O governo do Rio, querendo isentar de impostos a nova fábrica da Ambev. São R$ 650 milhões que deixarão de entrar para os cofres de um estado que está falido em todos os aspectos, se a sugestão vingar entre os que elegemos para a sofrida Alerj. Mas, ainda que os deputados tenham vergonha na cara dessa vez, fico pensando que o simples fato de haver esse pedido é mais uma mancha indelével no desgoverno que vivemos. Ele pede urgência na decisão. Alguém consegue entender o porquê? Alguém tem algo diferente pra dizer, do que isso que está passando na minha cabeça neste momento? Todo mundo sabe que a Ambev é a Companhia de Bebidas das Américas e já foi a maior empresa da América Latina, certo? Como diz a canção, “esses tempos não tão pra ninharia”. Tudo é milhão, beirando o bilhão, seja nos impostos devidos e não pagos, seja nas somas das mochilas pesadas de propina, seja nas contas na Suíça, gordas pelo mesmo motivo. Bem, o agressor do BBB foi retirado porque mostrou parte de suas garras, isso achei muito importante e, de toda forma, alentador. Não (mais) passarão. E, pra arrematar a depressão, mais uma lista de inocentes confirma que 1/3 do Senado está tomado.

Ai, vontade apenas de esvaziar um pouco a cabeça, afrouxar o aperto no peito, falar de coisas mais simples da vida, que dão mais vontade de viver.

Ensaios. Ensaios costumam ser ambientes bem estimulantes. É incrível ver um espetáculo nascer, ver o crescimento de cada um, a percepção aumentando, em relação ao espaço, ao limite que muda de lugar, se expande pra virar vitória. A confiança que precisa existir num grupo que se joga junto num palco, que é sempre um lugar misterioso. Você ensaia pra lidar com o imponderável, para estar preparado para as noites, que nunca são iguais. Qualquer coisa diferente que alguém faça muda o todo, e sempre alguém faz algo diferente, porque no palco, com todo treino, toda prática, toda repetição, continuamos sendo de carne e osso, e neste fato mora toda poesia, todo risco, toda loucura. Tudo pode acontecer, inclusive sermos muito melhores do que em todos os ensaios. Podemos errar e provocar no colega uma saída genial, vai saber.
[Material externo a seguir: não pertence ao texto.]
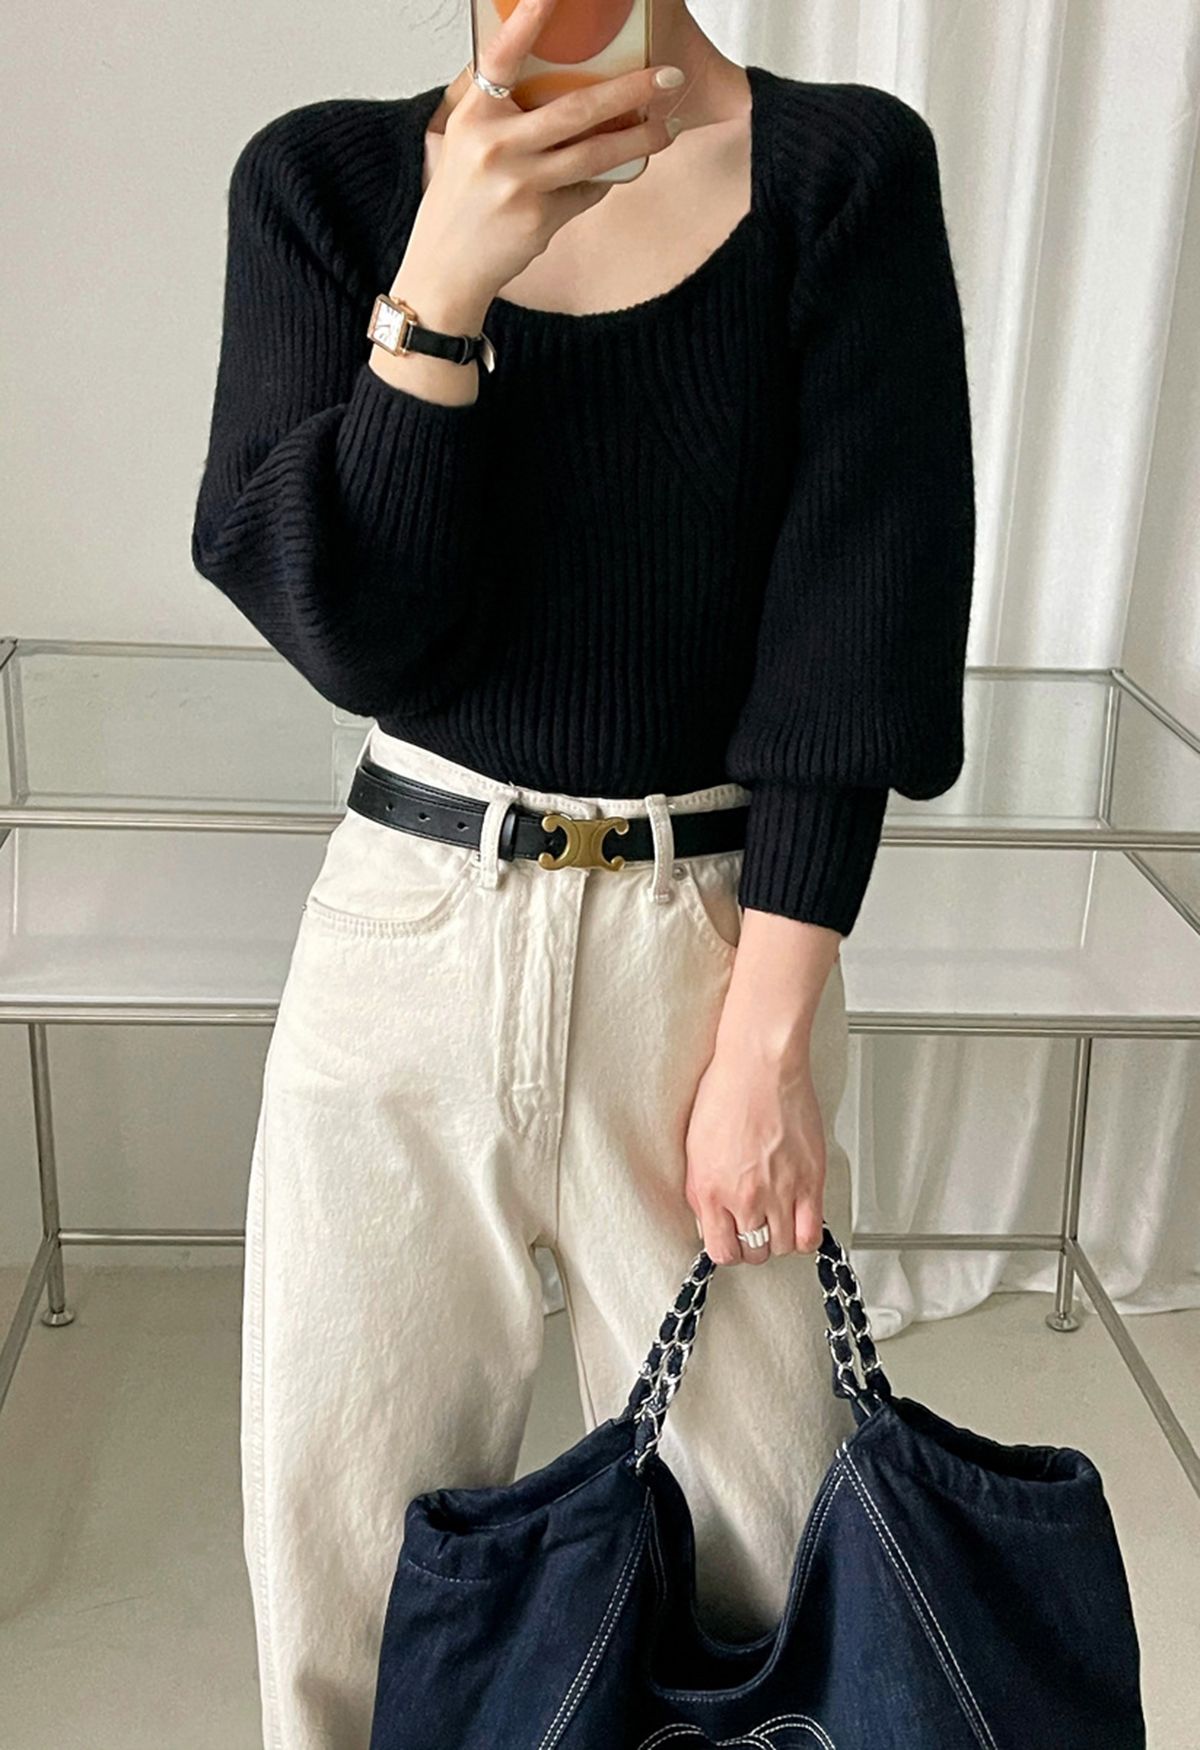 Wide Round Neck Rib Knit Top in Black

Isso sem falar no público, que sempre traz sua participação, sua atitude diante do que vai ver. Ainda que esteja olhando para a tela impiedosa do celular. Deixou de ser, deixou de estar e, assim, participou. Cada um dá o que tem. “Se eu tivesse mas alma pra dar, eu daria, isso pra mim é viver.” Fico com esse verso, da parceria de Djavan com Caetano! Não quero perder a viagem. A coisa mais importante dos ensaios é a data de estreia. Precisamos muito dela, que ela chegue e nos tire dali, que nos faça virar realização e, principalmente, nos liberte, para que novas ideias tomem forma. Ensaiar sem data é uma espécie de noivado que dura 20 anos e se desfaz de repente, porque um dos dois vai conhecer alguém e se casar com essa outra pessoa dali a um mês.

Em música, quando, em processo de ensaio e horas infinitas de estúdio, acabamos de tocar uma canção e queremos repetir, alguém diz: “A boa”! E todos sabem que vamos tocar outra vez, e que a próxima será a que deve valer. A vida bem que podia ser assim. Um ensaio, pra fazermos a boa, aquela em que seremos melhores, porque conscientes dos erros da última vez. Ou simplesmente porque queremos fazer com mais coração e capricho.